Steven Parrino:Natures Mortes Vivantes

On the occasion of a 2007 exhibition, Vincent Pécoil reflected on Steven Parrino’s “deformalized” canvases as specters of abstraction and disruptions of painting’s status quo.

Steven Parrino, The Self-Mutilation Bootleg 2 (The Open Grave), 1988–2003, enamel on canvas, 115 × 64 × 20 inches (292.1 × 162.6 × 50.8 cm). Photo: Ilmari Kalkkinen, courtesy Mamco, Geneva

Steven Parrino, The Self-Mutilation Bootleg 2 (The Open Grave), 1988–2003, enamel on canvas, 115 × 64 × 20 inches (292.1 × 162.6 × 50.8 cm). Photo: Ilmari Kalkkinen, courtesy Mamco, Geneva

Vincent Pécoil

Vincent Pécoil is an art historian, writer, and curator. From 2007 to 2017 he was the director of Triple V gallery in Paris. He has curated exhibitions for various institutions in France and is the author of numerous monographic catalogue essays. His writing has also appeared in Art Monthly, Contemporary, Flash Art, Les Cahiers du Musée National d’Art Moderne, Parkett, and Tate Etc., among other publications.

Steven Parrino is missed by many people, but it could also be said that he is missing in a more general sense, like a “missing link”—between Frank Stella, say, and Sonny Barger, the notorious Hells Angels member. It was possible for him to say: “I went to see Raymond Pettibon’s work, and I was thinking about Ad Reinhardt.”1 This quotation is actually a good introduction to Parrino’s own work—to the way in which it fuses two essential currents of recent art: pop culture and the radical avant-garde. He saw himself as a “Bastard Kid of Drella.”2 Indeed, this kid was so much a bastard child that he presented his work as abstract art.

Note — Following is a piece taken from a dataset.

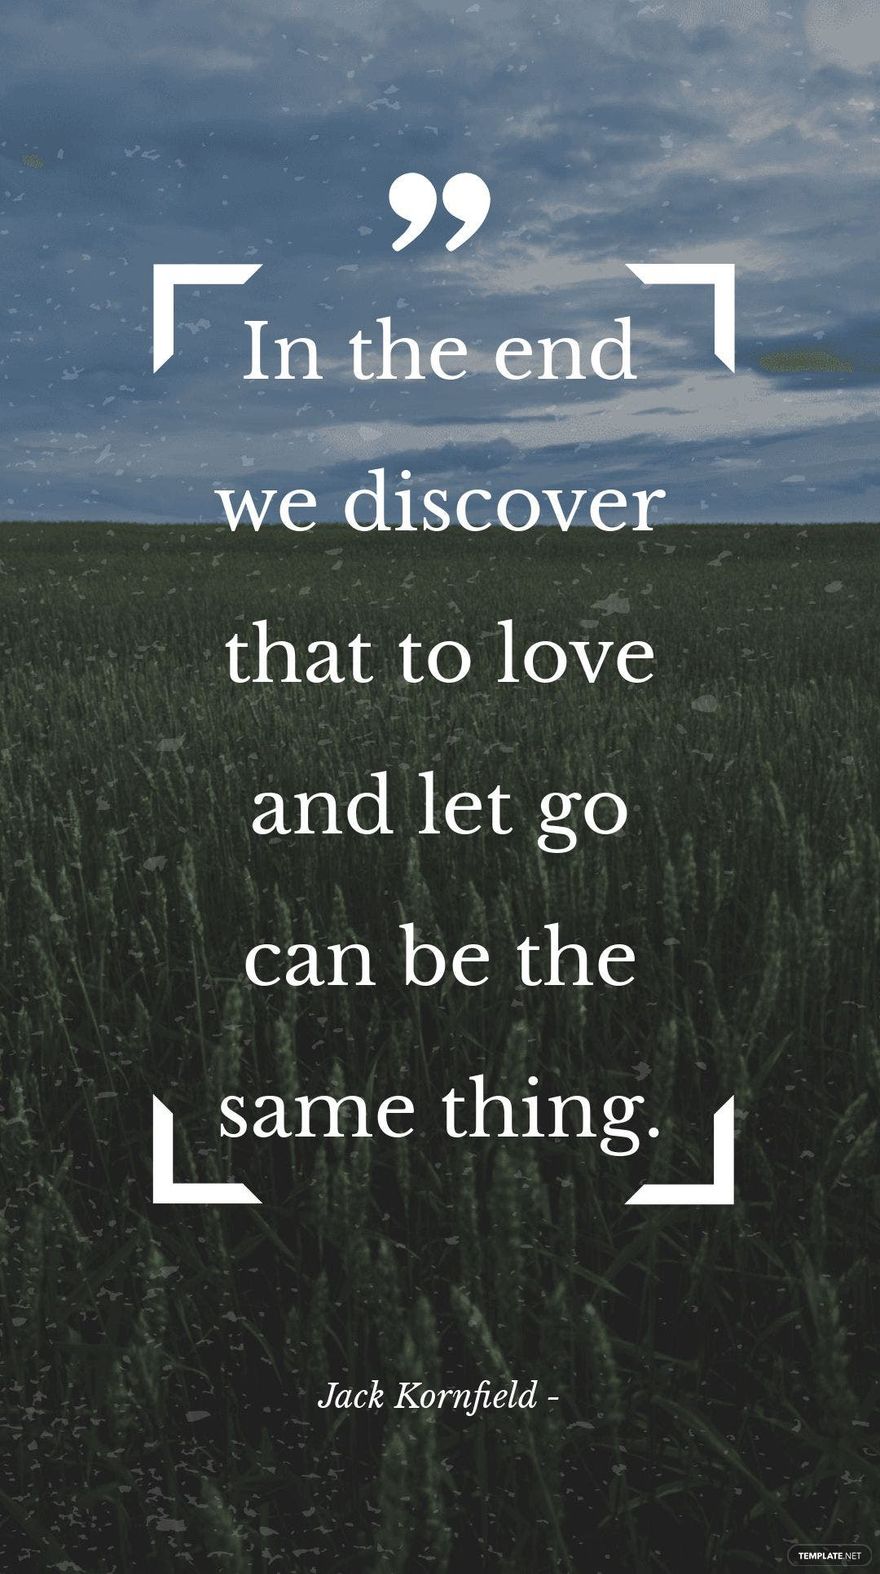 Jack Kornfield - "In the end we discover that to love and let go can be the same thing.”

But when it comes to Parrino’s work, the distinction between abstract painting and figurative pop art is irrelevant, for Parrino understood his work as a form of realism, as it was redefined in postwar American art. An important exhibition at the Museum of Modern Art in 1968, The Art of the Real, assembled works by Reinhardt, Stella, Ellsworth Kelly, Robert Smithson, Barnett Newman, and Donald Judd in order to highlight this renewed concept of the “real” in art, defining it as a set of facts rather than symbols. E. C. Goossen wrote in the catalogue that “the new work of art is very much like a chunk of nature, a rock, a tree, a cloud, and possesses the same hermetic ‘otherness.’” Painting had become a concrete fact, as concrete as the experience to which it invited the viewer. Almost twenty years later, in 1987, Bob Nickas reappropriated the title of this exhibition for a show he organized at Galerie Pierre Huber in Geneva, in order to suggest that younger artists, including Parrino, were now working along the same vein.3 The realism of Parrino’s art makes the painting itself into an object or a real fact. “Realism has been redefined since Courbet, from representing the reality of the day to defining the object in the real world, real time. Subjectivity is selection (the clean edit) and does not deal with the melodramas of fantasy, just the facts.”4

Parrino had a predilection for black, white, and metallic paintings because of their propensity to exploit the real, nonillusionistic properties of light.5 But if Parrino took for granted the objectivist dimension of Stella’s paintings and those of his contemporaries, he also regularly introduced elements into his paintings and their titles that perturb the rationality of this objective self-evidence. For example, certain of his works reinterpret Minimalism’s essentialist (reductivist) quest as analogous to the history of the chopper. Some of the drawings and collages in the current exhibition [Steven Parrino, Gagosian, 980 Madison Avenue, New York, September 25–November 3, 2007] depict this universe—simple drawings of nothing but a reduced form in the shape of a motorcycle transmission belt, circles aligned like starting lights at a racecourse, the insignia of the Hells Angels, or a drawing of Ed “Big Daddy” Roth. Just as Minimalism and its descendants sought formal reduction in order to attain the essence of art, bikers found an original way to reduce their equipment in order to increase its power and speed. In both cases, the search for efficiency worked upon form—a stripping bare or deboning. Parrino extended this parallel by underscoring the fact that choppers were originally outlaw objects, much like his own artwork, which sought to break free from historical canons, inherited conventions, and the interdicts of “high” culture.6

Steven Parrino: Natures Mortes Vivantes

Steven Parrino, Untitled, 1992, engine enamel, paper, and clear tape collage on vellum, 8 ⅞ × 11 ⅞ inches (22.7 × 30.3 cm)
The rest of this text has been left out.